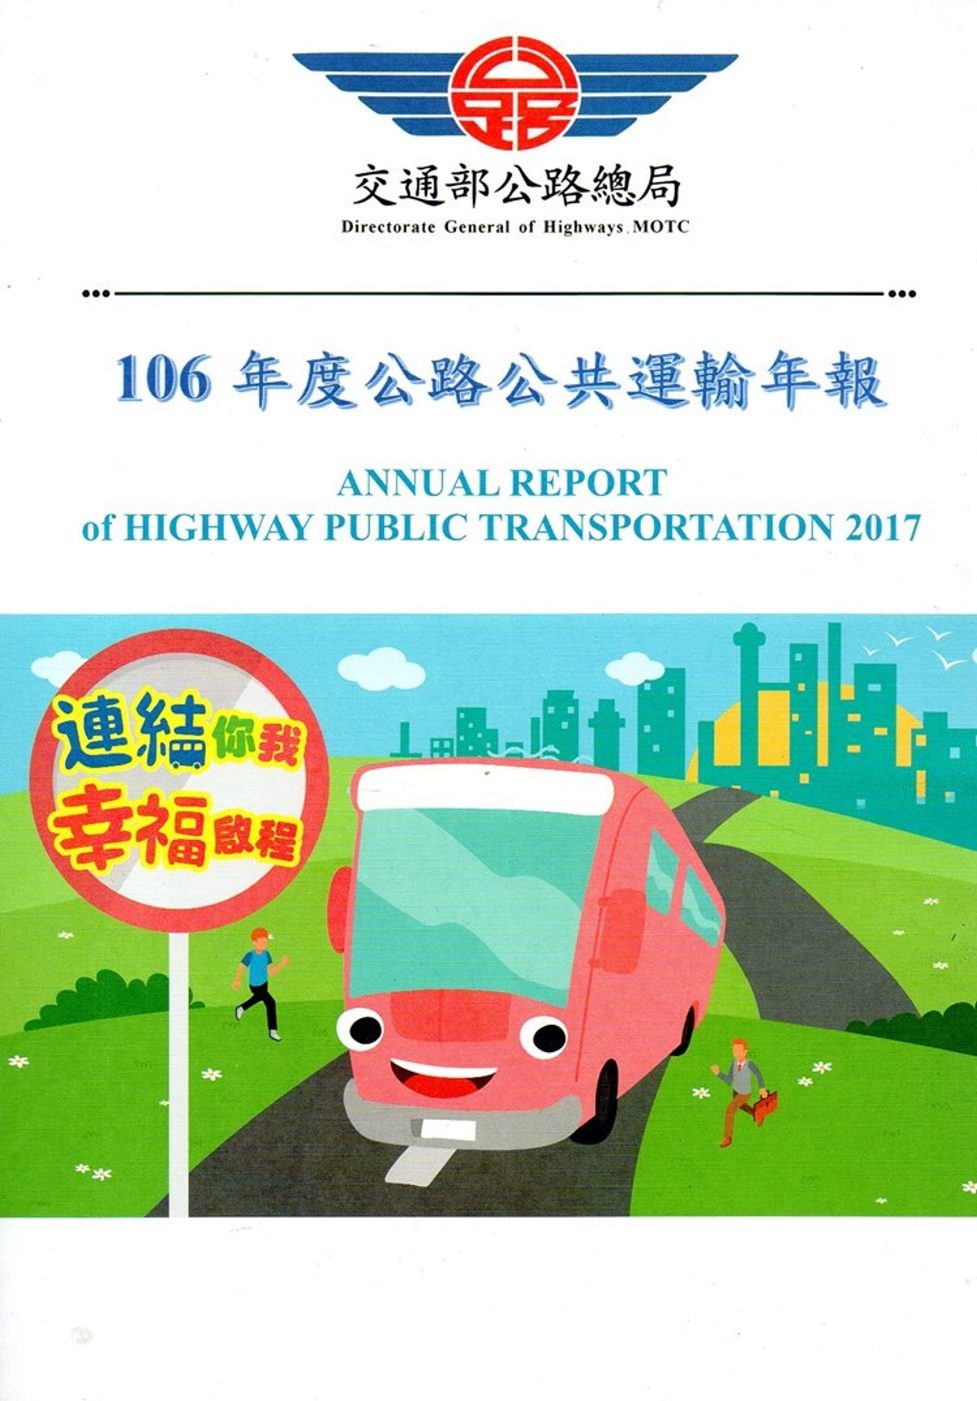 106年度公路公共運輸年報
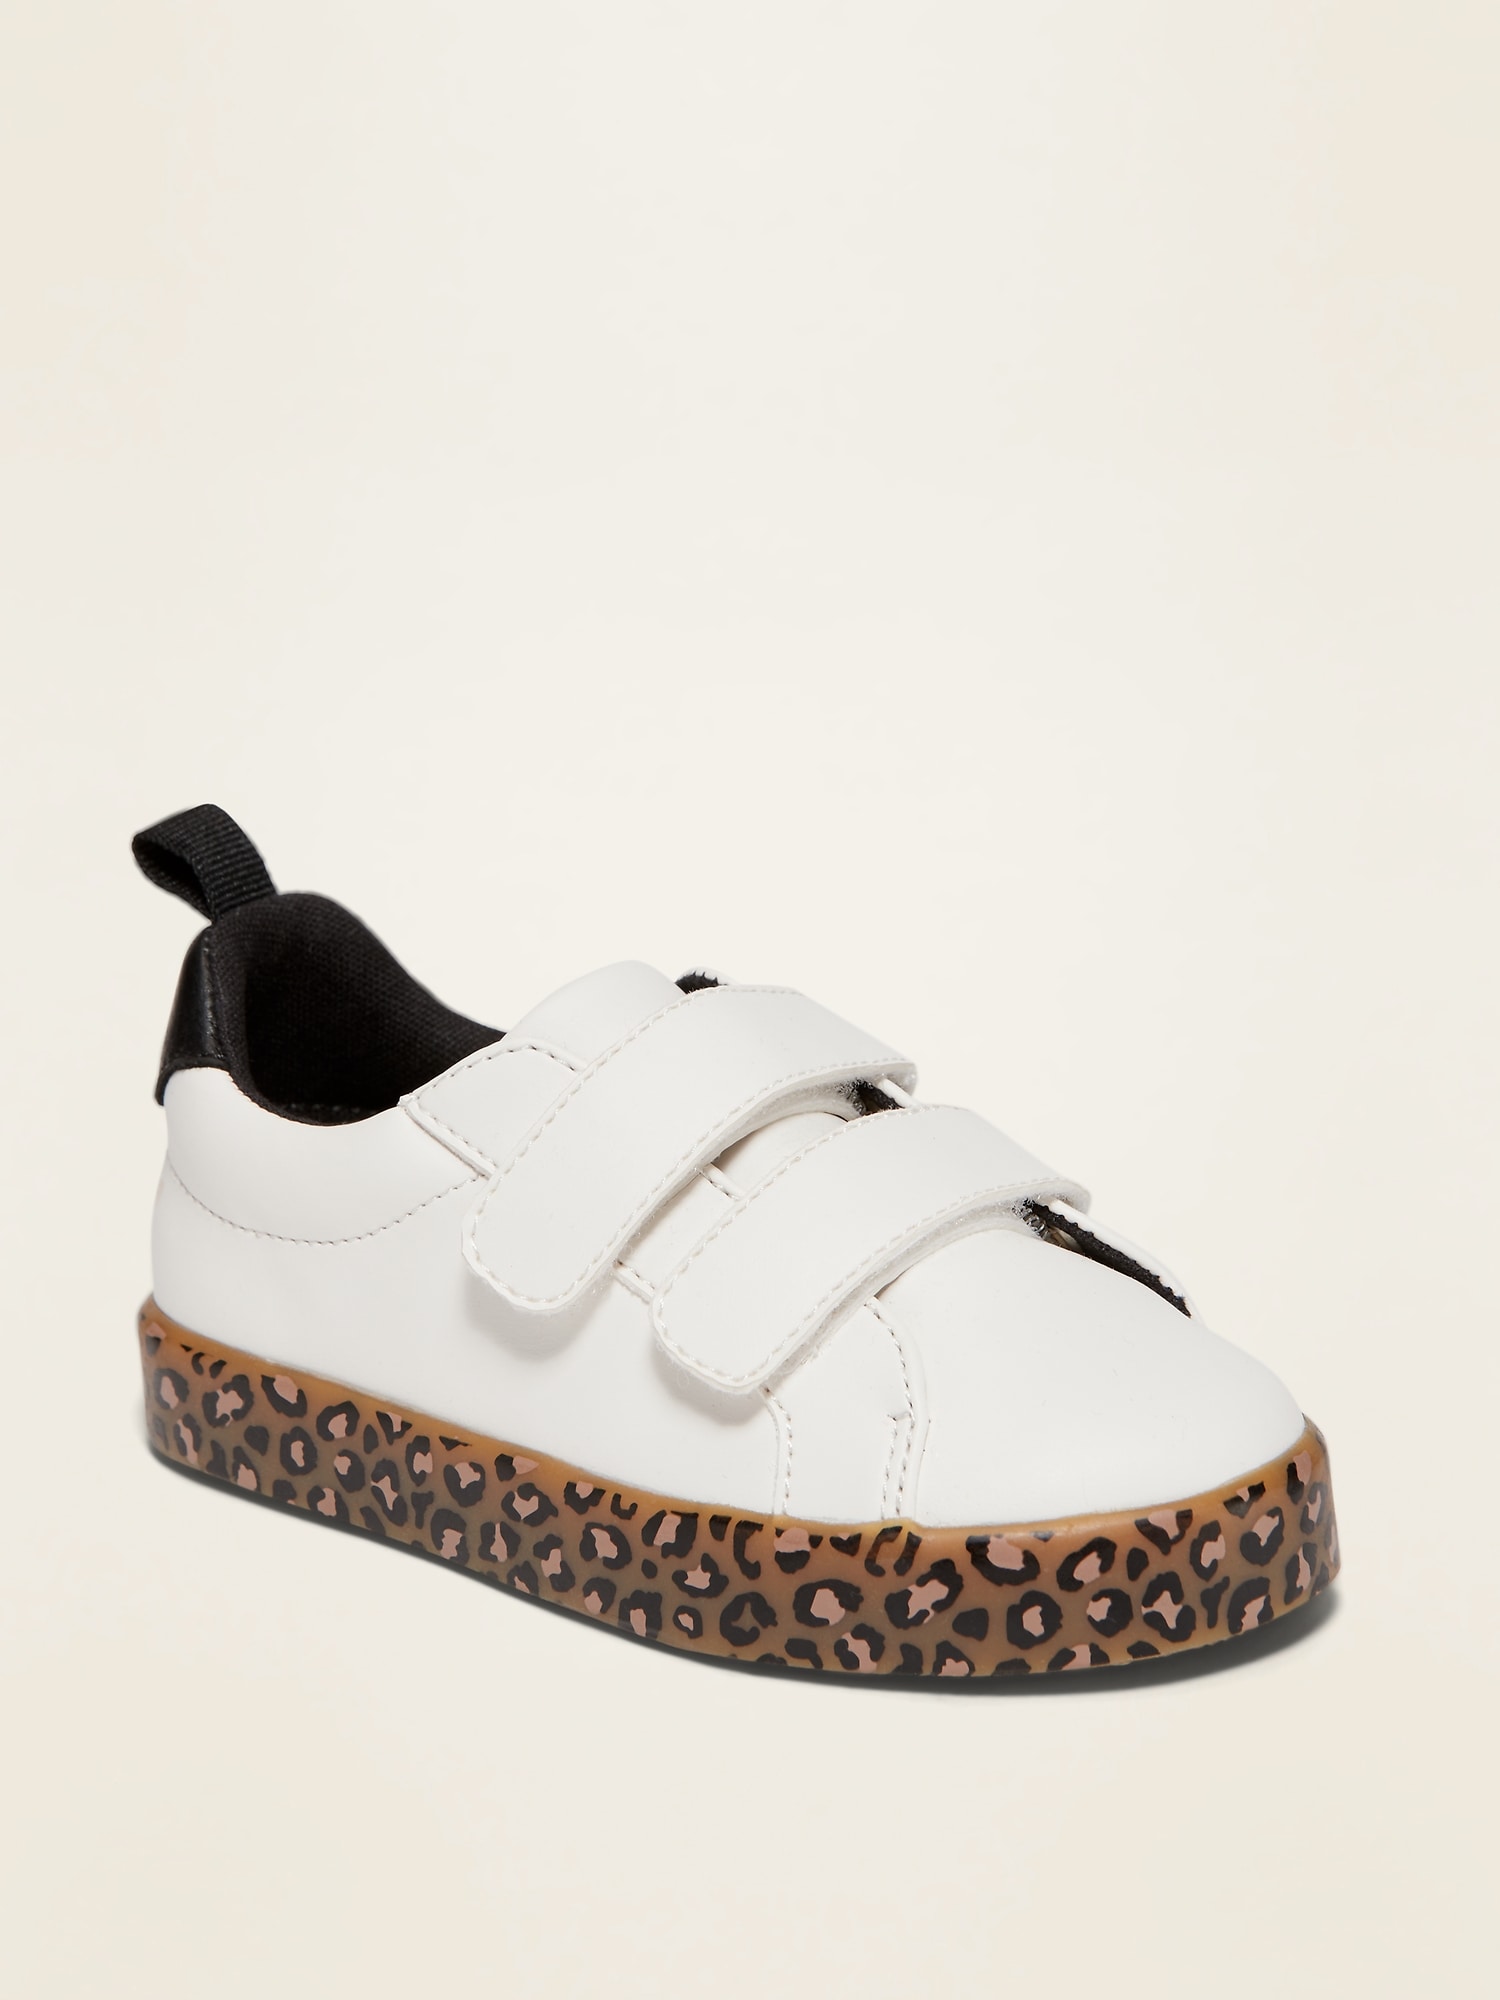 gap leopard sneakers
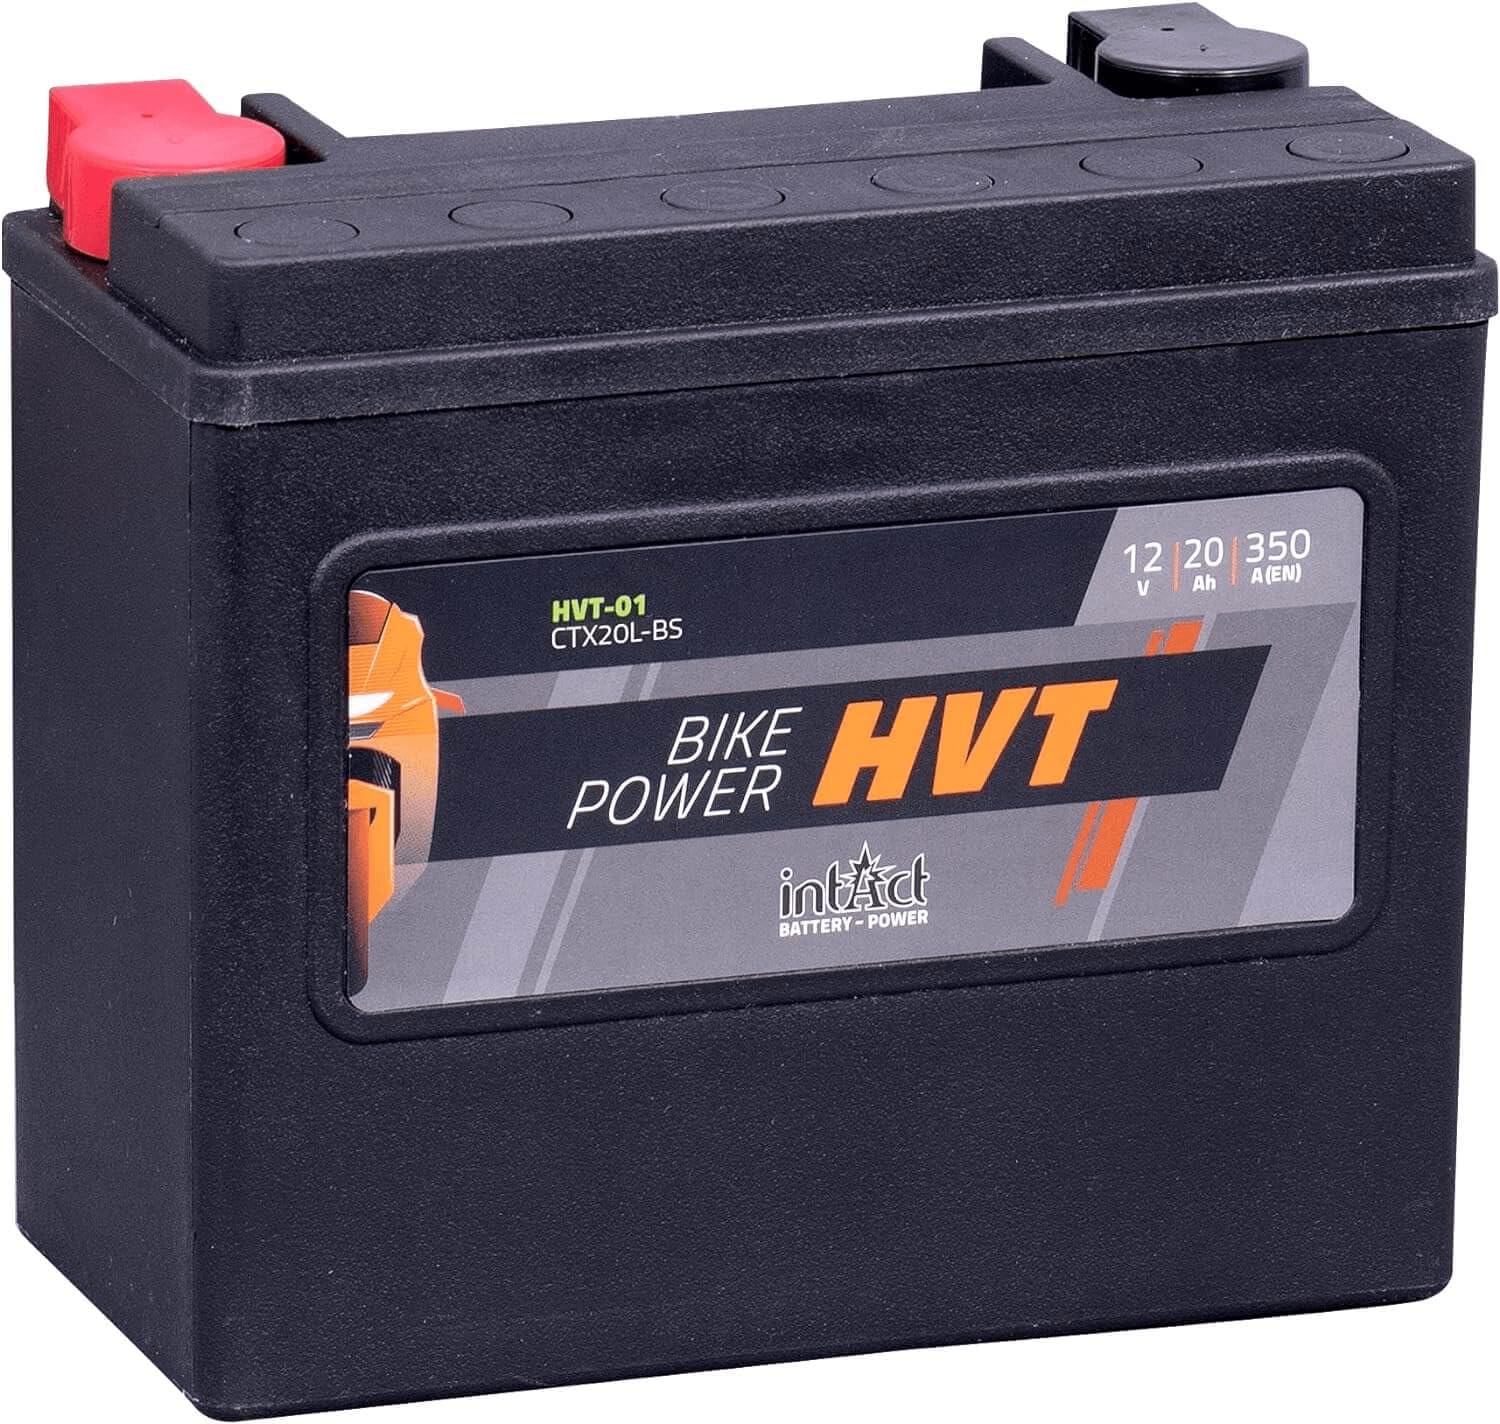 intAct - HVT MOTORRADBATTERIE | Batterie für Roller, Motorrad, Rasentraktor. Wartungsfreier & auslaufsicherer Akku. | HVT-01, CTX20L-BS, 65989-97A, 12V Batterie, 20 AH (c20), 350 A (EN) | Maße: 175x87x155mm von Intact

## Problem statement:
The task calls for repeating each line above exactly while excluding the pictures.

## Result of this task:
 106年度公路公共運輸年報
 gap leopard sneakers
 intAct - HVT MOTORRADBATTERIE | Batterie für Roller, Motorrad, Rasentraktor. Wartungsfreier & auslaufsicherer Akku. | HVT-01, CTX20L-BS, 65989-97A, 12V Batterie, 20 AH (c20), 350 A (EN) | Maße: 175x87x155mm von Intact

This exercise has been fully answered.